Short names (for example, SequentialRunner) always resolve against kedro.runner. Fully-qualified names (for example, mypackage.runners.MyRunner) must belong to kedro.runner, the project's own package, or a module listed in RUNNER_MODULES_WHITELIST in settings.py. The module is never imported otherwise.

# settings.py
RUNNER_MODULES_WHITELIST = ["external_lib.runners"]

Interactive API reference

When the server is running, FastAPI automatically generates interactive API documentation at http://127.0.0.1:8000/docs. This page lists all available endpoints, their request and response schemas, and lets you try them out directly in the browser.

Using create_http_server programmatically

You can create the FastAPI application directly and serve it. If project_path is not provided, it is resolved from the KEDRO_PROJECT_PATH environment variable. env and conf_source can be set in the create_http_server arguments or through the KEDRO_SERVER_ENV and KEDRO_SERVER_CONF_SOURCE environment variables.

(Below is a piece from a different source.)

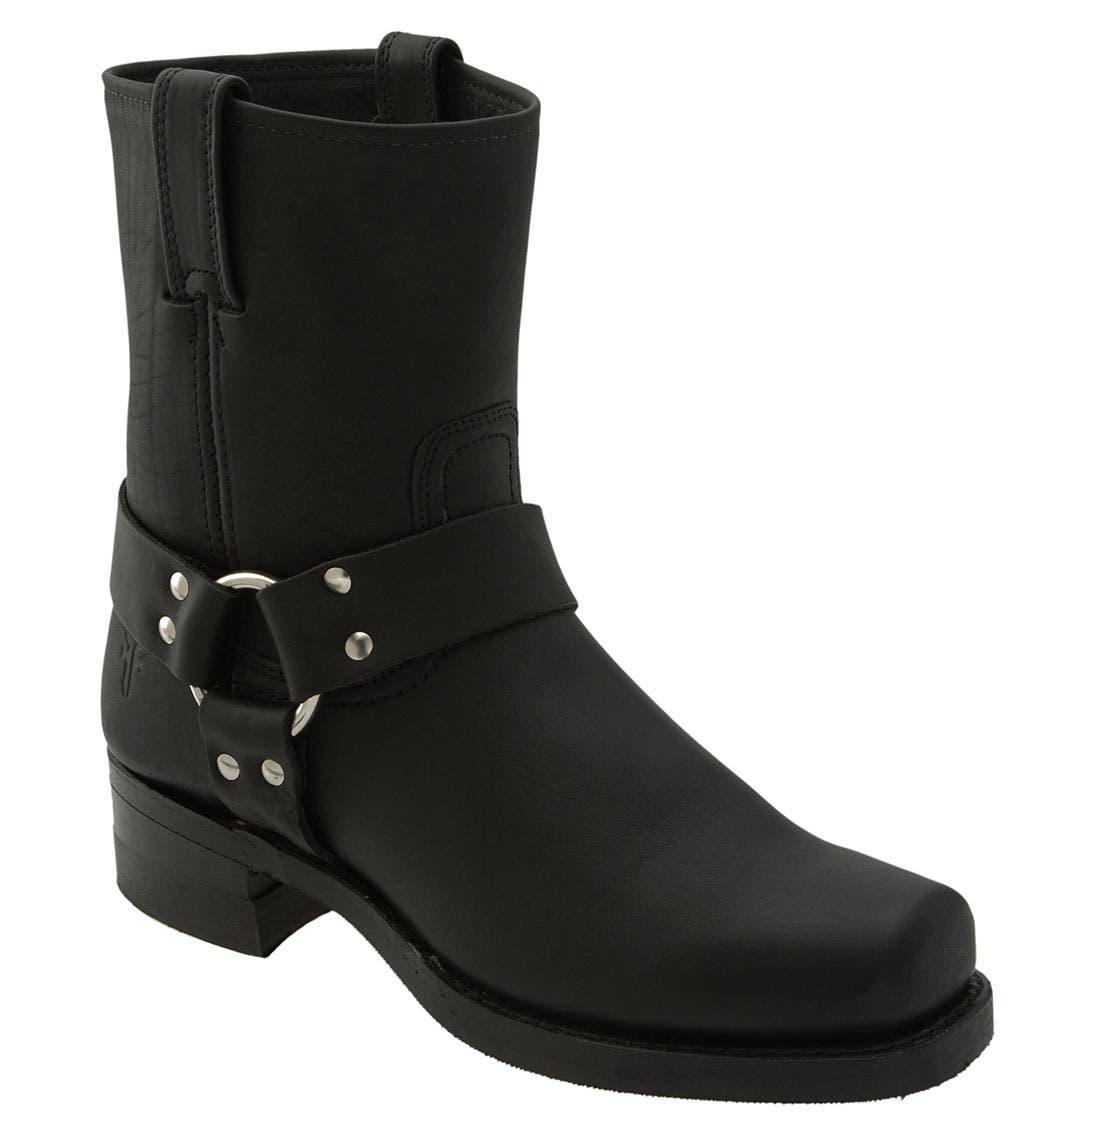 Alternate Image 1 Selected - Frye 'Harness 8R' Boot (Men)

from kedro.server import create_http_server

app = create_http_server(
    project_path="/path/to/project",
    env="prod",
)

# Serve with uvicorn
import uvicorn
uvicorn.run(app, host="127.0.0.1", port=8000)

Extending the server

create_http_server returns a standard FastAPI application, so you can mount additional routes or add middleware directly onto it.

Adding a custom endpoint

If you need to expose project-specific information — for example, the list of registered pipelines — add an extra route after creating the app:

from kedro.framework.project import pipelines
from kedro.server import create_http_server

app = create_http_server(project_path="/path/to/project")


@app.get("/pipelines")
def list_pipelines() -> dict:
    return {"pipelines": list(pipelines.keys())}

The new /pipelines endpoint sits alongside the built-in /health, /snapshot, and /run routes and benefits from the same session lifecycle.